I have a dataset with firms and owners. This is a minimum working example:
Code:
* Example generated by -dataex-. To install: ssc install dataex
clear
input str1 Firm_id str13 Owner_legal_name str7 Owner_last_name str19 Owner_address byte Share
"A" "John Smith "   "Smith"   "87 Granville street" 10
"A" "Maria Lopez"   "Lopez"   "87 Granville street" 20
"A" "Robert Brown"  "Brown"   "1022 Nelson street"   5
"A" "Ron Gilford"   "Gilford" "287 Howe street"     30
"A" "Rebecca Smith" "Smith"   "1022 Nelson street"  10
"A" "Joe Ramsey"    "Ramsey"  "503 Main street"     25
"B" "Anna Mancini"  "Mancini" "49 Rupert avenue"    25
"B" "David Bauer"   "Bauer"   "8 Cambie street"     25
"B" "Tessa Garcia"  "Garcia"  "8 Cambie street"     50
end
I want to reconstruct family relationship among owners as follows: individuals belong to the same sub-family if they have the same last name OR if they live at the same address. Different sub-families can be related among them (forming a family) because they have members in common. For example, John Smith, Maria Lopez, Robert Brown, and Rebecca Smith all belong to one family. My desired output is as follows:
Code:
* Example generated by -dataex-. To install: ssc install dataex
clear
input str1 Firm_id str13 Owner_legal_name str7 Owner_last_name str19 Owner_address byte(Share last_name_id address_id Family_id Familyshare)

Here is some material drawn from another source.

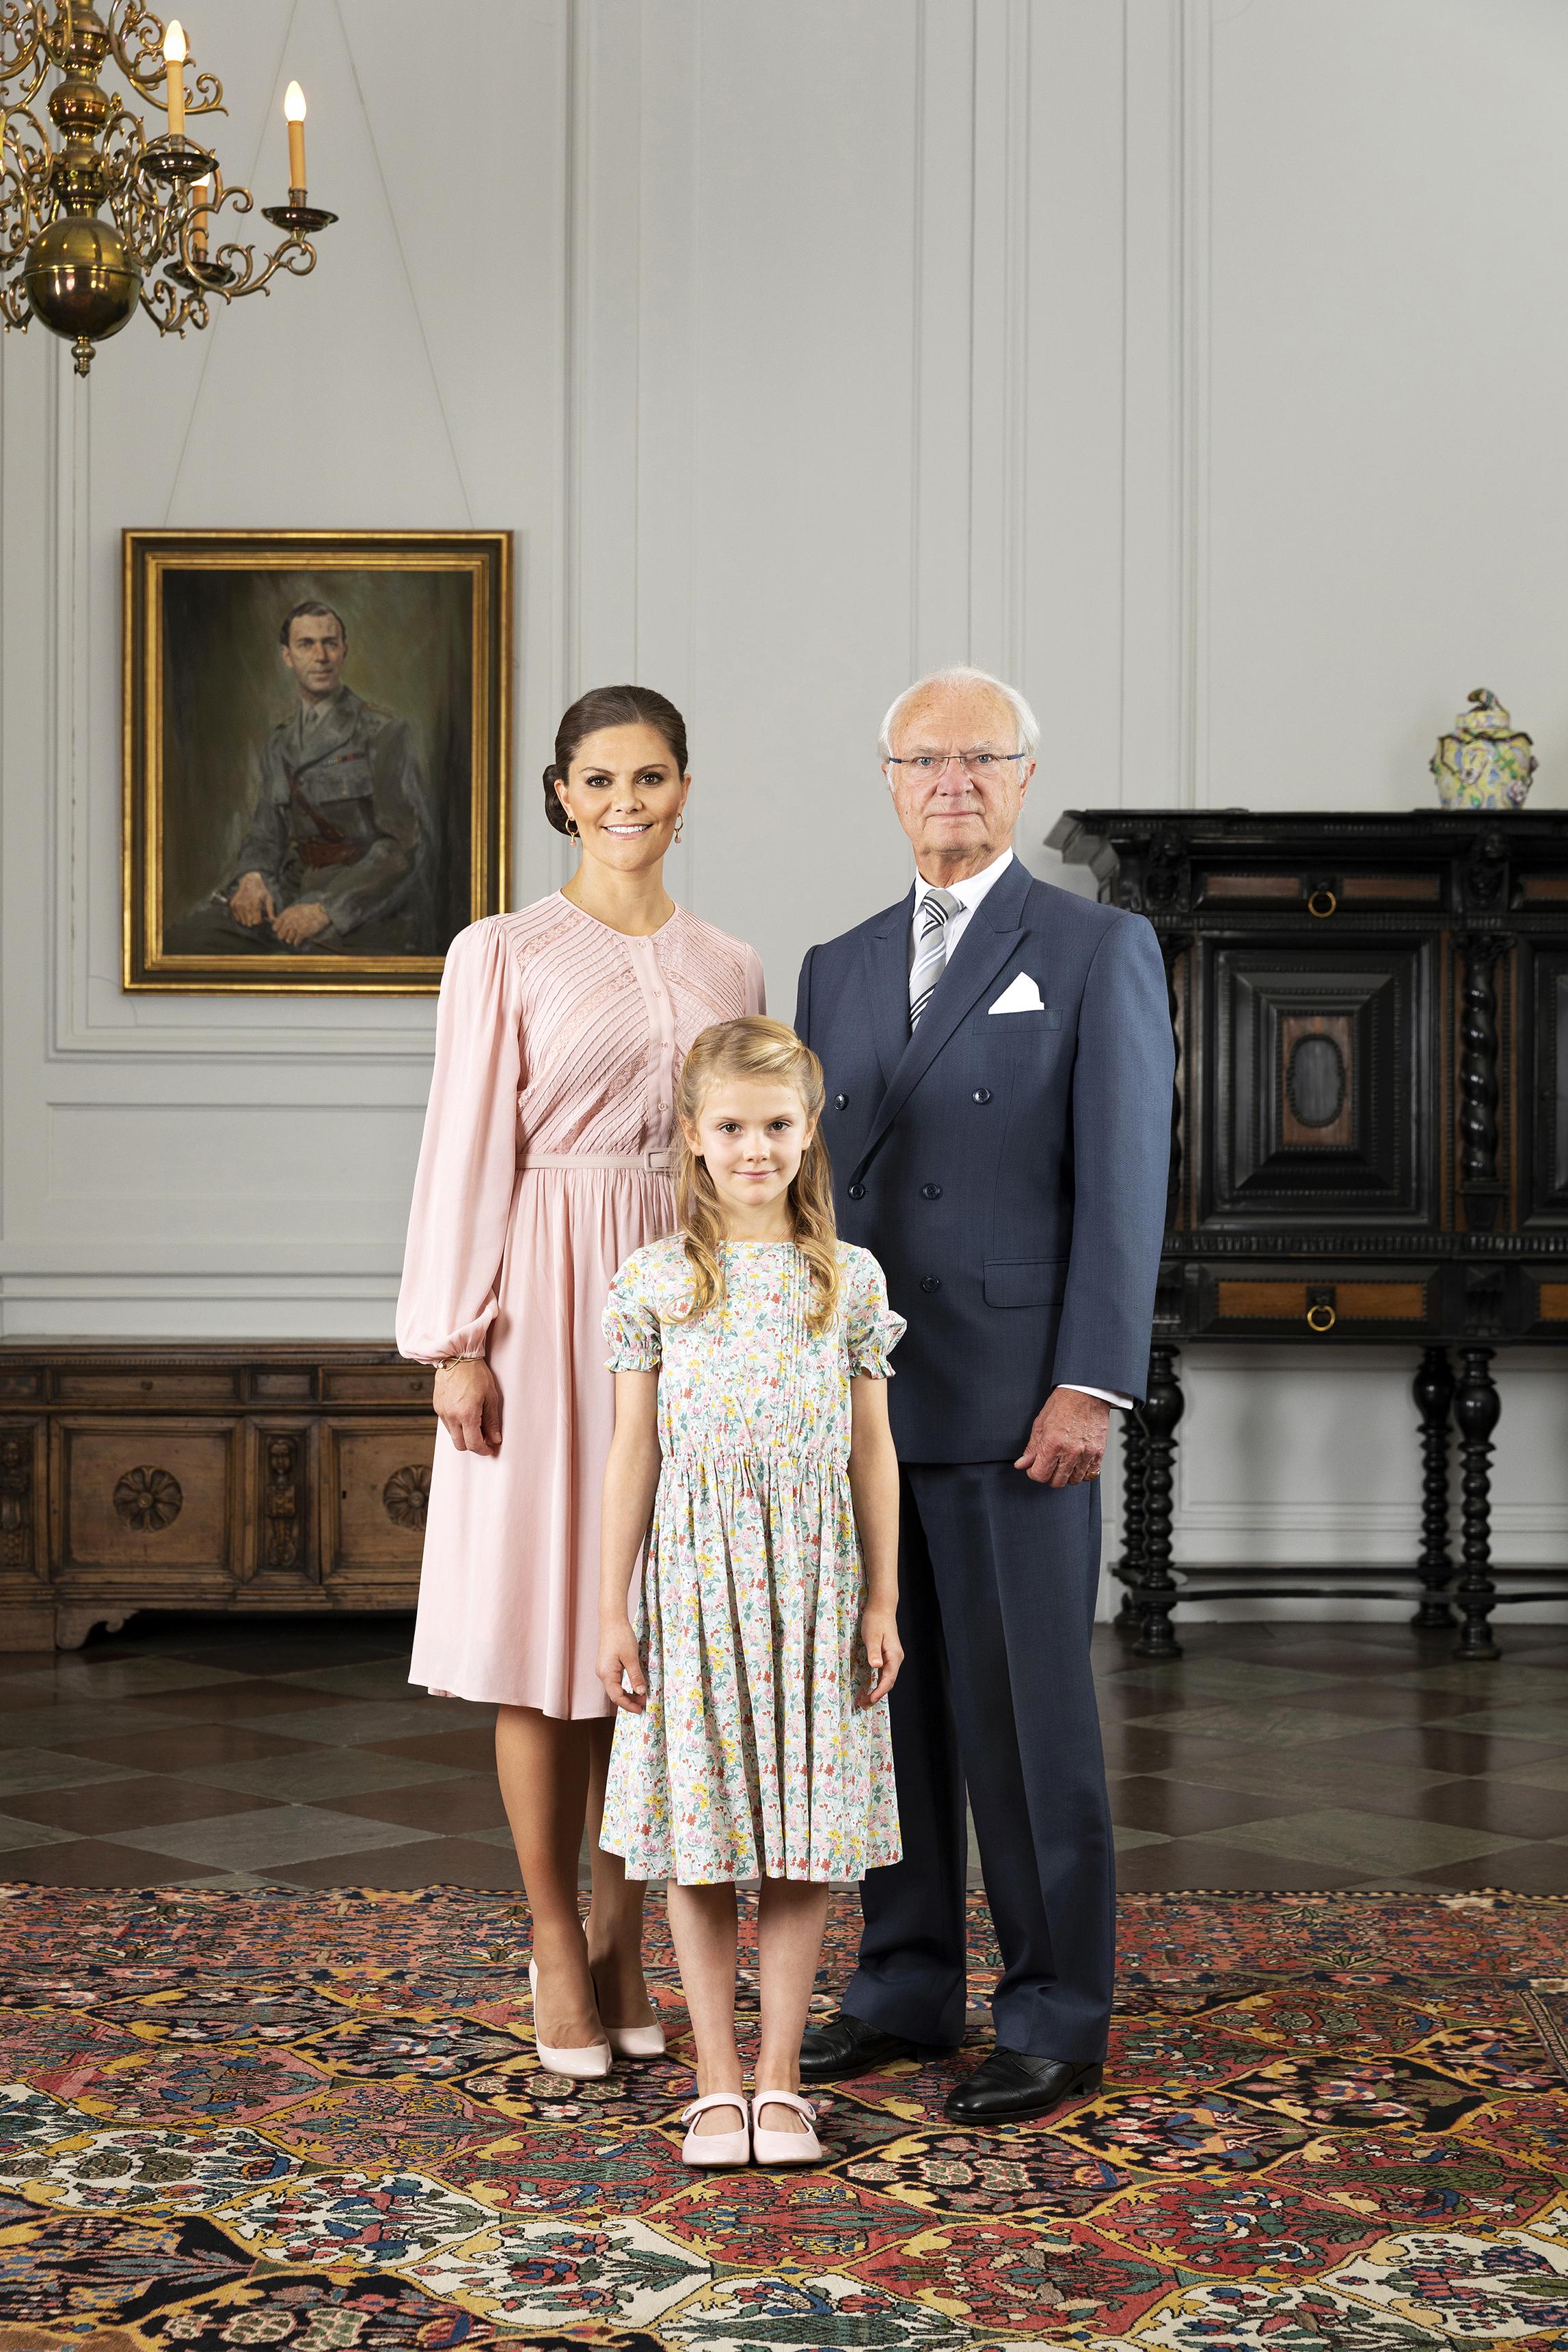 H.M. Konung Carl XVI Gustaf, H.K.H. Kronprinsessan Victoria, H.K
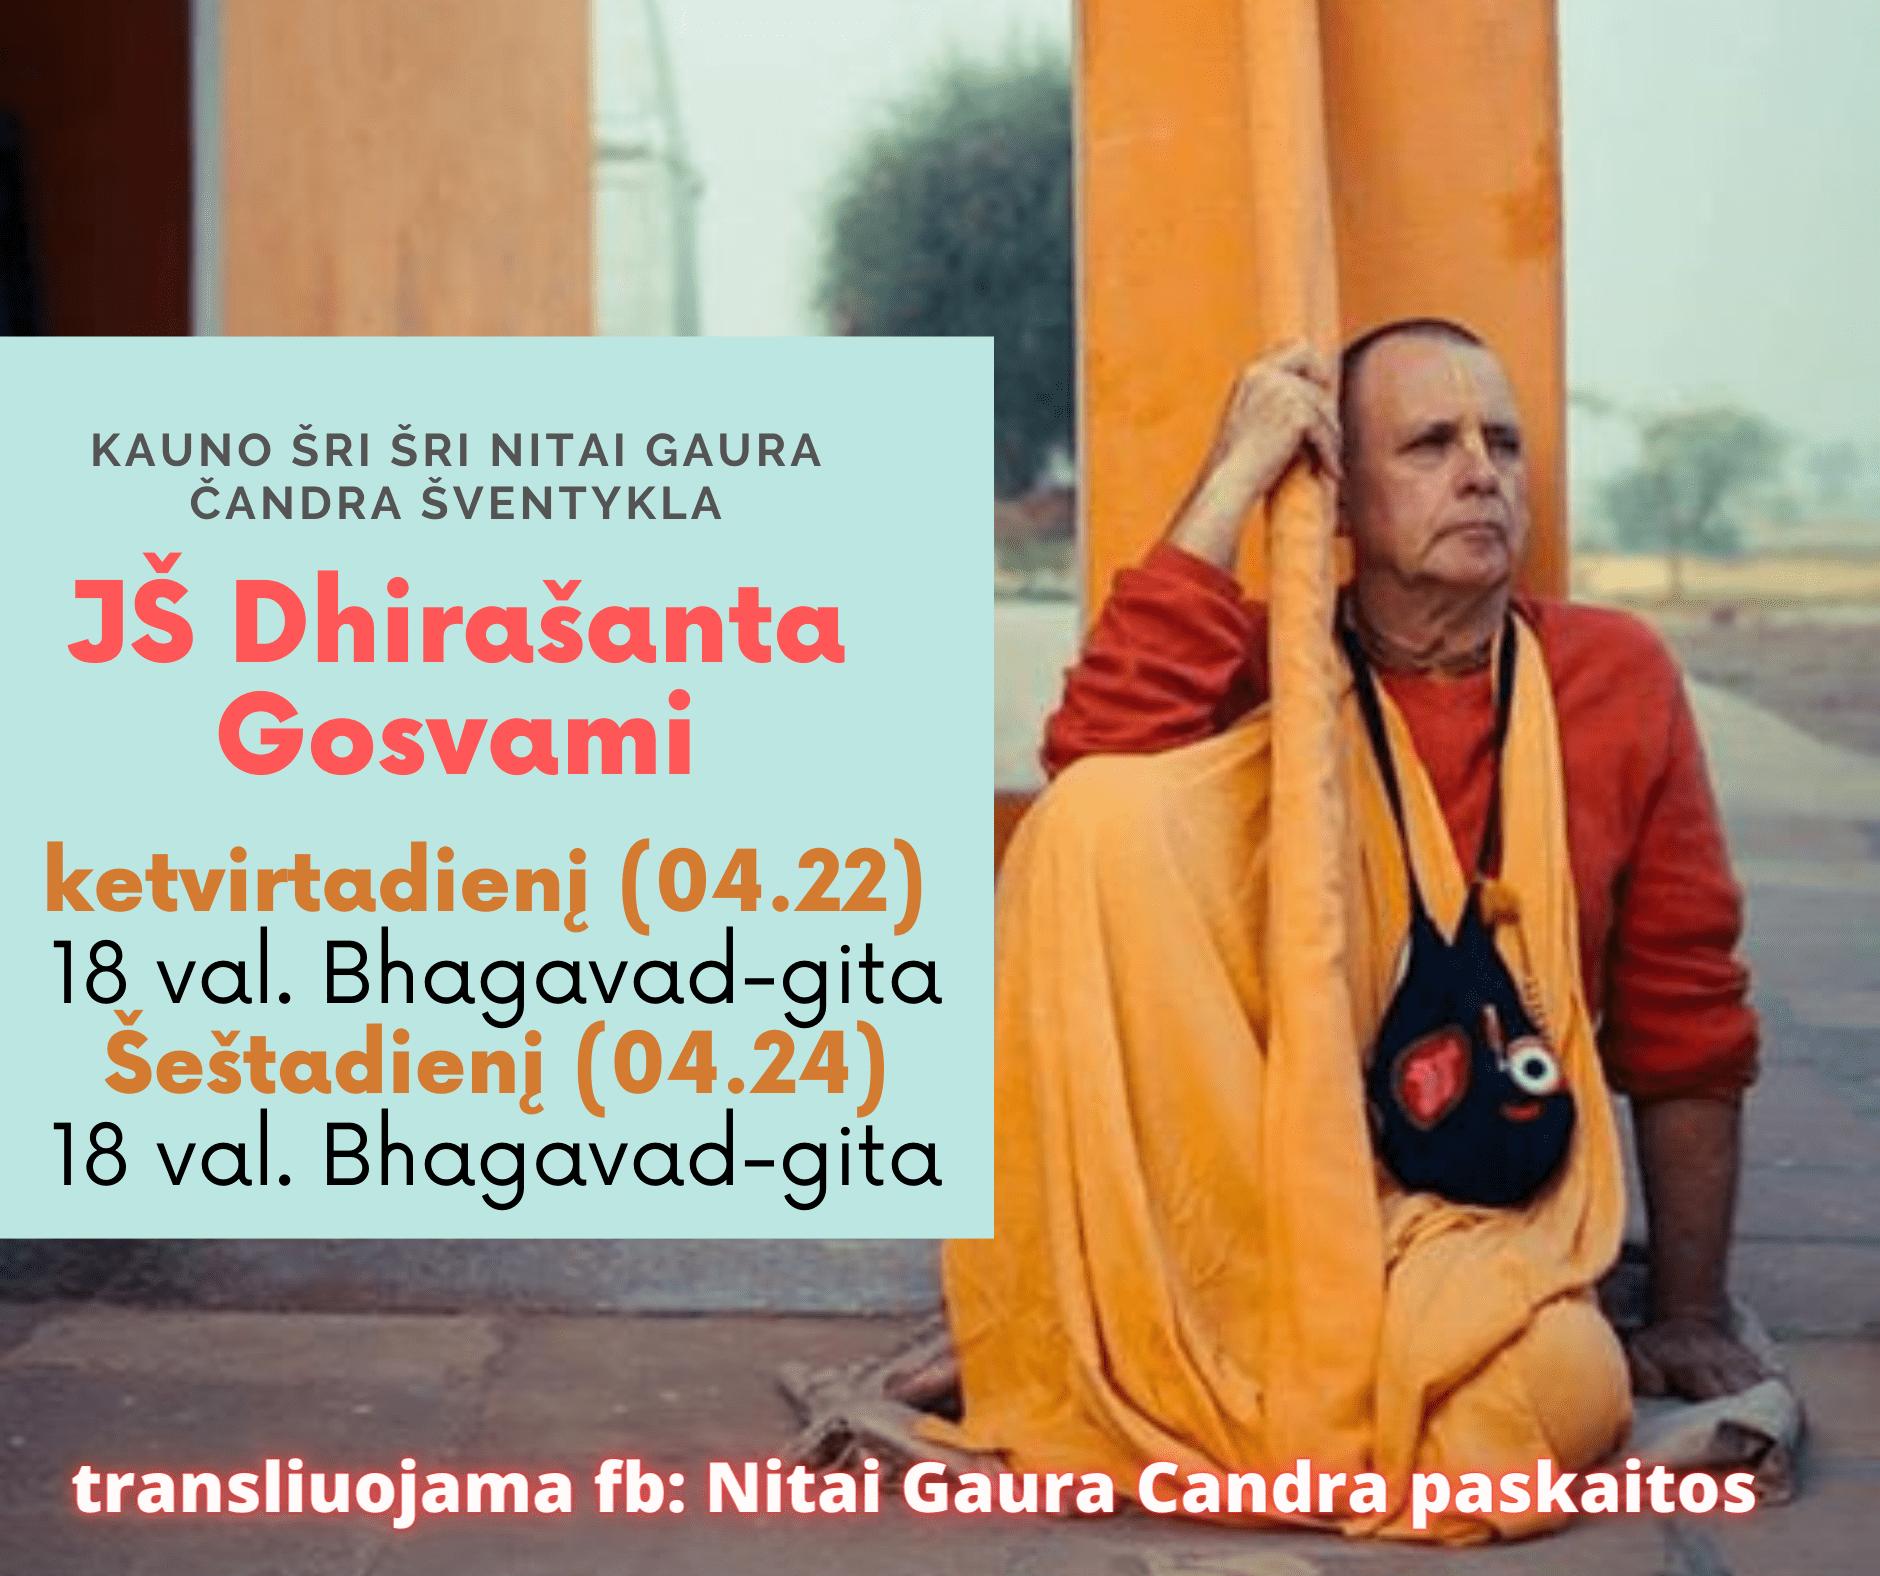 HH Dhirashanta das Goswami

"A" "John Smith "   "Smith"   "87 Granville street" 10 1 1 1 45
"A" "Maria Lopez"   "Lopez"   "87 Granville street" 20 2 1 1 45
"A" "Robert Brown"  "Brown"   "1022 Nelson street"   5 3 2 1 45
"A" "Ron Gilford"   "Gilford" "287 Howe street"     30 4 3 2 30
"A" "Rebecca Smith" "Smith"   "1022 Nelson street"  10 1 2 1 45
"A" "Joe Ramsey"    "Ramsey"  "503 Main street"     25 5 4 3 25
"B" "Anna Mancini"  "Mancini" "49 Rupert avenue"    25 1 1 4 25
"B" "David Bauer"   "Bauer"   "8 Cambie street"     25 2 2 5 75
"B" "Tessa Garcia"  "Garcia"  "8 Cambie street"     50 3 2 5 75
end
I thought generating unique identifiers would be a good place to start:
Code:
egen last_name_id=group(Firm_id Owner_last_name)
egen address_id=group(Firm_id Owner_address)
Once I have Family_id, Familyshare (my ultimate variable of interest) is just
Code:
by Firm_id Familyid, sort: egen Familyshare=total(Share)
.
My problem is how to generate Family_id. In other words, how to identify observations which are common between two groups. I looked into egen and tried to browse statalist but surprisingly I couldn't find anything useful.
I would greatly appreciate any suggestion.